Clothing and physical capabilities
The Mole People are a magically mutated species, differing from their base mammalian ancestors. Standing at around 4 ft. 6 in., the stand on modified legs, and their claws are reduced in size. Although they can still be used for digging, this reduced size allows the manipulation of tools. Keys, lockpicks and other small items are still challenging for them, and aren’t usually found in their lairs.
Coming from the star nosed mole, they have grey fur covering their whole body, sometimes speckled with white dots on the Moles living in colder climates.
Their star shaped noses remain as sensitive as ever, and can be used to feel movement and seismic activities when pressed against a wall or the floor. Some scholars claim that these appendages can even sense incorporeal undead or disturbances in the ethereal plane surrounding a member of this species. Tales of Mole warriors prevailing against invisible or teleporting enemies are not uncommon.
The nerve endings on this organ are also a weak spot, and when fighting the Mole People will usually wear steel helmets and large shields. Long piercing swords are their favourite weapon, except when longer one-handed spears can be fielded.
Mole people have very short reaction times, and are seldom surprised.
Being clad in fur and having excellent body heat control, most clothing is eschewed in favour of belts and pouches.
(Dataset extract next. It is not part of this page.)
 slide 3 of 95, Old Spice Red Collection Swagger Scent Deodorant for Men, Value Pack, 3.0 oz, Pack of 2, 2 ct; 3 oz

Waterproof containers made of clay are also highly valued, since many members of the Mole society swim on a regular basis.
Setting them apart from their ancestors, the Mole People have better eyesight, and can even use crossbows, but drawing the strings of normal bows is difficult for their clawed fingers.
Government and religion
Mole People are functionally atheists, but are able to channel mystical energies commonly known as “Holy Magic” in the form of healing spells and undead turning. In order to prepare themselves for these activities, they do a ritual called “Eimerring“, when they meditate by pressing their noses on the floor. During these rituals, older Mole persons claim they feel the “heart” of the land or deep magma flows, feeling very relaxed afterwards.
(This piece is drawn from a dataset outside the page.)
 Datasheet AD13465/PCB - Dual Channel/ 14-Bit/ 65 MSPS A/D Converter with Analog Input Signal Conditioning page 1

Magic-users and psychics claim that clusters of Mole persons engaging in “Eimerring” generate large quantities of energy, which could theoretically be used to produce great magical effects.
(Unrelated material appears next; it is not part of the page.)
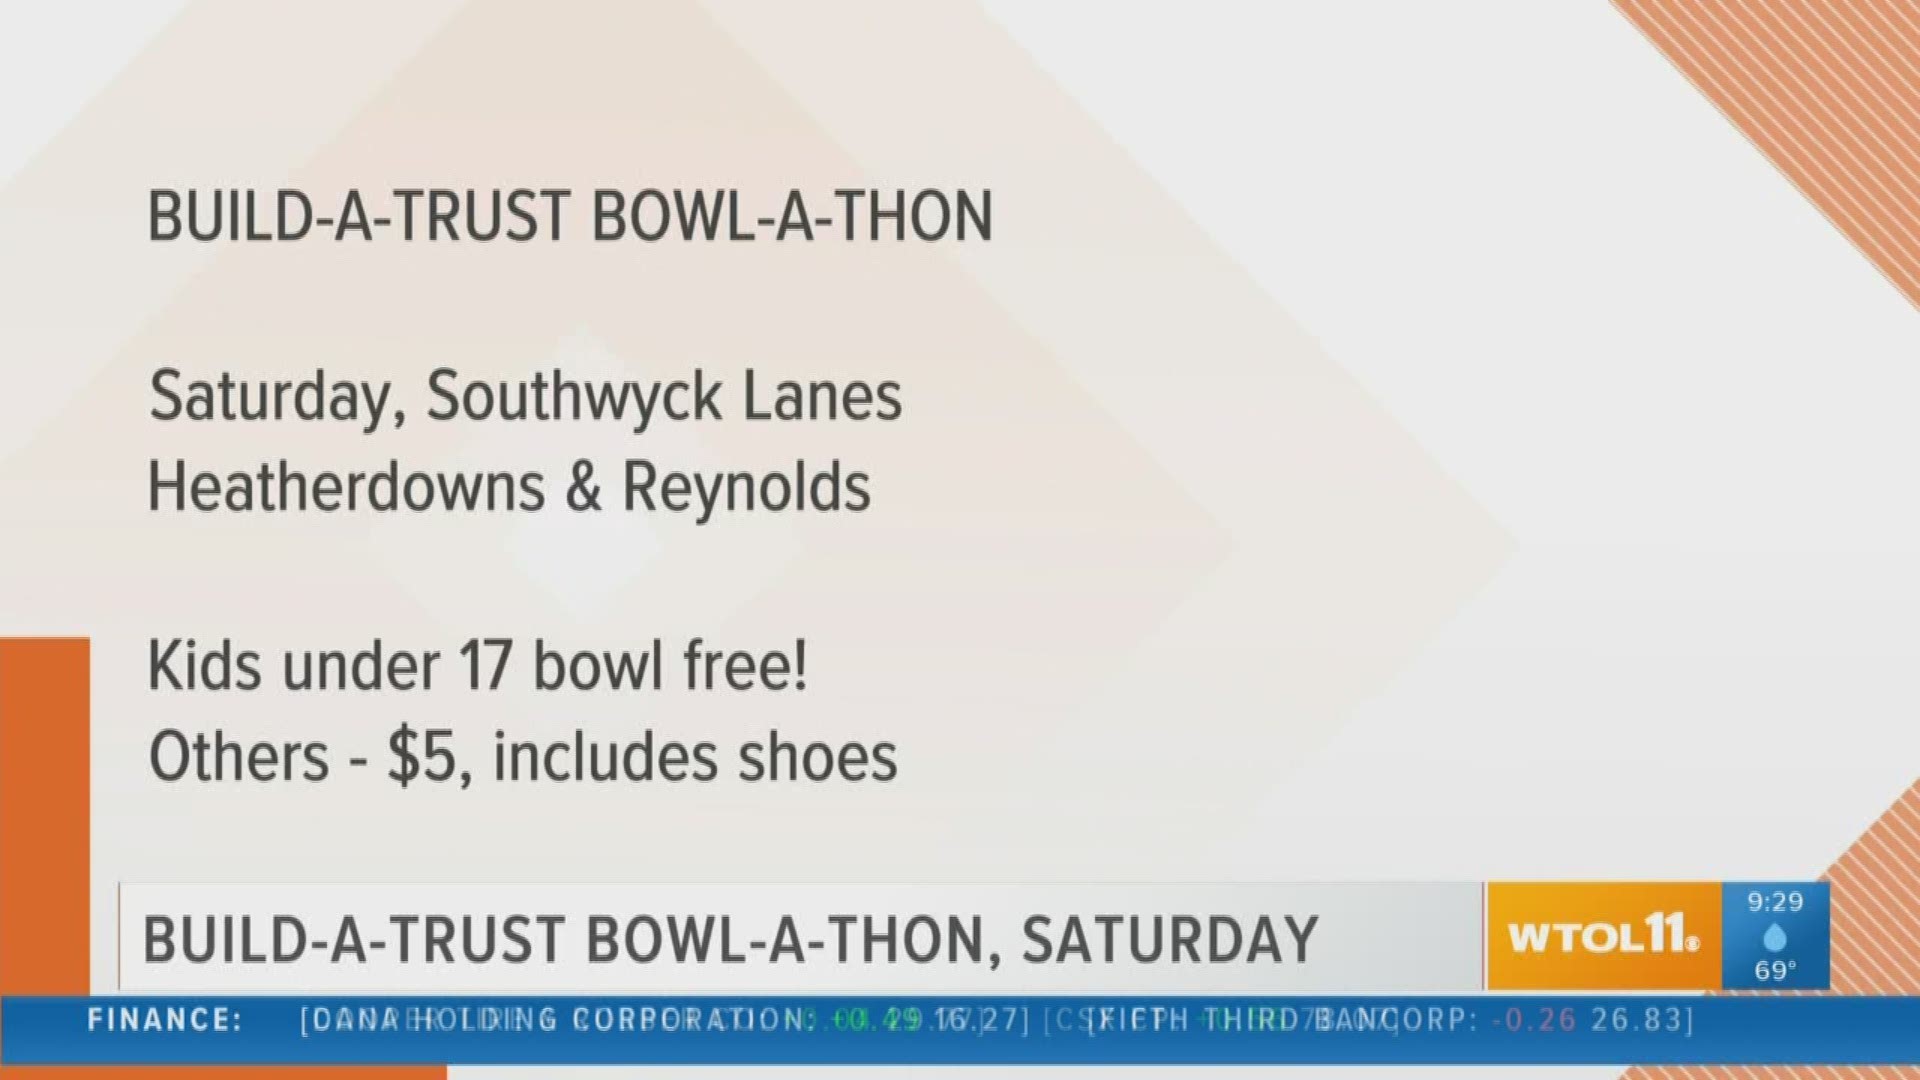 Attend the Build-A-Trust Bowl-A-Thon this Saturday at Southwyck Lanes!

The basic unit of social organization is the “Clan”, organized around the oldest female. Blood relations are relevant, and conflict among brothers is frowned upon. The head of each clan gets a vote to elect a regional representative, who conducts diplomacy and trading in the name of 3 to 10 clans, covering an area of around 1,000 sq. miles.
A Mole clan underground castle always has the biggest gold, silver, copper or tin nugget in the center of this court. Disagreements between clans are settled in favor of the one who has the most valuable nugget in the region, and Miner-Judges calculate the value of a nugget when they are of different metals, according to complex pricing rules.